Мальчики чувствуют себя хорошо. Джекейрис справляется со своими обязанностями наследника достаточно хорошо, а младшие вырастают действительно славными мальчиками. Эйгон и Визерис скучают по вашим ночным сказкам, но Джоффри уже заявил права на ваши покои. Он говорит, что у вас лучший вид на Драконью гору и залив. Не волнуйтесь, я уверен, что мы сможем выселить его, если вы захотите навестить нас.
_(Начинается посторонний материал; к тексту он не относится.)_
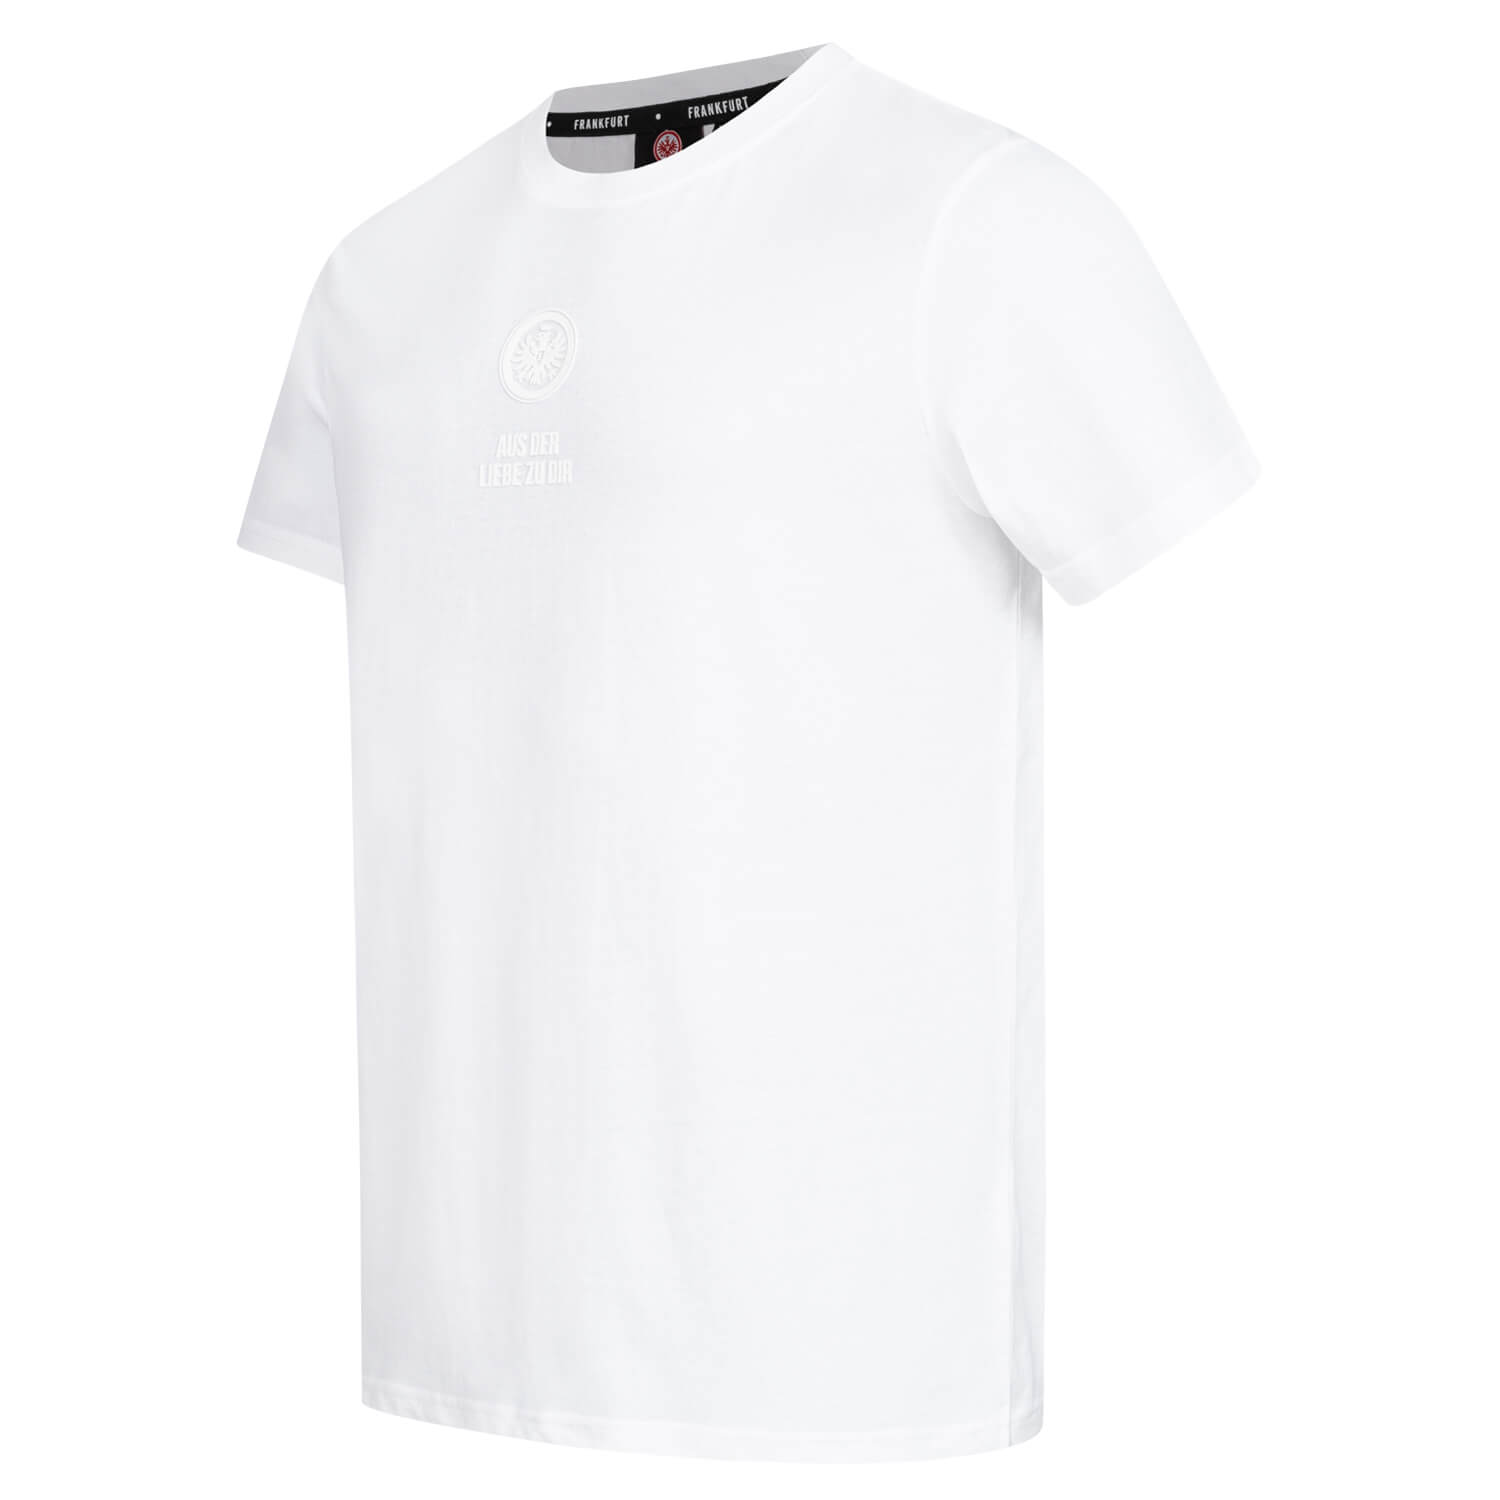 Bild 3: T-Shirt White Badge

Но я беспокоюсь за Люцериса. Он тихий мальчик, не такой уверенный в себе, как остальные. Он боится унаследовать Дрифтмарк, нести ответственность, которую я на него возложил. Возможно, это действительно слишком много для его нежной души, боги знают, что такие должности - это тяжкий груз. В другой жизни, я думаю, ему бы понравилось учиться в цитадели.
Наш Люцерис как мейстер, можете себе представить? Я думаю, он бы подошел для этого. Он всегда был так увлечен мейстером Джерардисом и его работой.
Сегодня утром у меня с ним был интересный разговор. Милый мальчик думает, что он не может быть таким же великим правителем, как лорд Корлис. Более того, он думает, что я идеален. Как смешно, когда в эти дни я чувствую все, что угодно, но не так.
Может быть, ты успокоишь его по поводу его переживаний, когда напишешь ему. Скажи ему, что он способен нести ответственность, которую я на него возложила. Скажи ему, что его мать подготовит его как можно лучше, и что его семья всегда будет рядом, чтобы поддержать его. Я говорила ему об этом, но он всегда лучше слушал тебя во многих вещах. Я думаю, он воспринял твой отъезд тяжелее всего, поэтому пиши ему как можно чаще, моя любовь. Я видела, как твои письма озаряют все его лицо.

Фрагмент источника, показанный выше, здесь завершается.